China and Air Defence Identification Zone (ADIZ): Cold Confrontation with the US?
10 Dec, 2013 · 4213
Prof Chintamani Mahapatra analyses the fallouts of ADIZ and reactions from the US, Japan and South Korea
In recent years, Asia-Pacific region has caught global attention more for periodic political upheavals than for its economic dynamism. Most of the political turmoil, significantly, has been caused by the fastest growing economy—the people’s Republic of China.
The apprehension that economically sound China will generate political heat and will lead to muscular assertion of Chinese influence seems to be coming true. The latest in the series of regional political turbulences has been sparked once again by China when the Xi Jinping government made a unilateral decision to establish an Air Defence Identification Zone and asked other countries to inform the Chinese authorities in advance any of their aircraft entering the zone or else face “emergency defence measures”.
This sudden declaration on 23 November last surprised many countries and forced some to react strongly. While Japan asked its civil airlines to reject Chinese authority, the United States responded after two days by flying one of its nuclear capable B 52 bombers over the zone without informing the Chinese. While the Obama Administration stated that the aircraft was unarmed, who had the ability to verify?
Obviously, the United States did not desire to take a step that would unnecessary spark military confrontation, but its quick response aimed at sending a strong signal that the Pentagon would not tolerate imposition of any restrictions on the open skies by the Chinese. Subsequently Japan and South Korea, two American allies housing US military bases and thousands of US troops, followed the US example and sent their own aircraft to fly through the zone without informing China. South Korea went a step ahead and declared its own ADIZ that overlapped the Chinese ADIZ, significantly over a disputed islet, called Leodo. The Lower House of the Japanese Diet passed a resolution against China’s behaviour in East China Sea.
It is inconceivable that Japan and South Korea would have responded so strongly without Washington winking at those moves. The smart move by the US, after the voyage of B 52 bombers, was reflected in the advisory the Obama administration issued to US airlines to respect the Chinese ADIZ and inform the Chinese authorities, while entering the zone.

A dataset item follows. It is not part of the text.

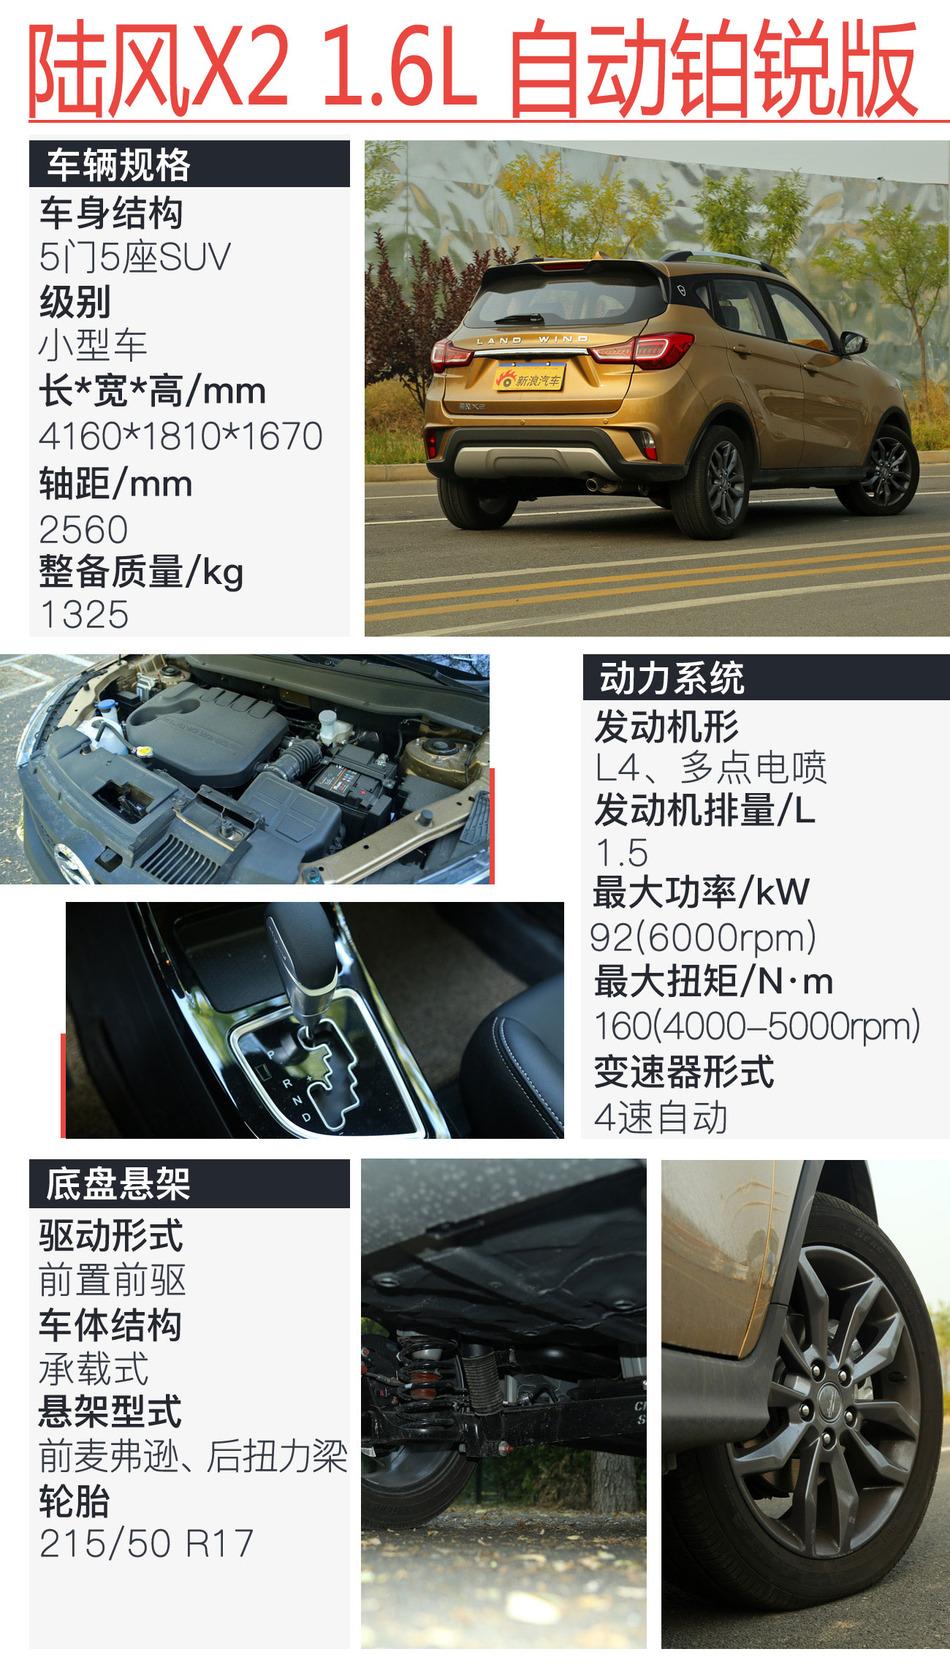 陆风X21.6L自动铂锐版

What explains the US behaviour and ambiguous measures? US Secretary of State John Kerry goes to Tokyo and Seoul and reiterates US commitments to the respective alliances close on the heels of the Chinese declaration of the ADIZ. Then he goes to Beijing and says little during his interactions with the media after five hours of discussion with President Xi Jinping.
There was, of course, a precedent to such US diplomatic ambiguities. Last year, Sino-Japanese tension over the sovereignty claims on Shenkaku/Diaoyu islands in the East China Sea flared up soon after the Japanese government bought those islands from Japanese owners. The United States at once reiterated its commitment to US-Japan Treaty of Alliance and simultaneously assuaged Beijing that Washington would not take a position on the sovereignty issue.
The Chinese assertiveness and the American responses speak volumes of slow but steady emergence of a new kind of relationship between the existing superpower and the emerging superpower. This is not a new kind of major power relationship that President Xi Jinping proposed during his summit with President Barak Obama in June last year. This is also not the kind of a G-2 relationship that the Obama Administration envisioned during the early years of his first term.
The emerging pattern of Sino-US interactions symbolizes “cold confrontation” between a hegemon that appears to be experiencing relative decline of its influence in world affairs and a rising power that has begun to assert its position in the world after its miraculous economic achievements.
The US strategic planners have long been carefully monitoring China’s military modernization, particularly capacity building of its Air Force and the Navy. The US suspects that the PLA has been striving hard to acquire sea-denial and anti-access capabilities that would compromise the so-far-unrestricted mobility of the US navy and air force in the Asia Pacific region. In fact, the Pentagon has already made investment, despite the defence budget cut, to develop a new concept of Air-Sea Battle that would render Chinese anti-access/sea-denial strength vulnerable.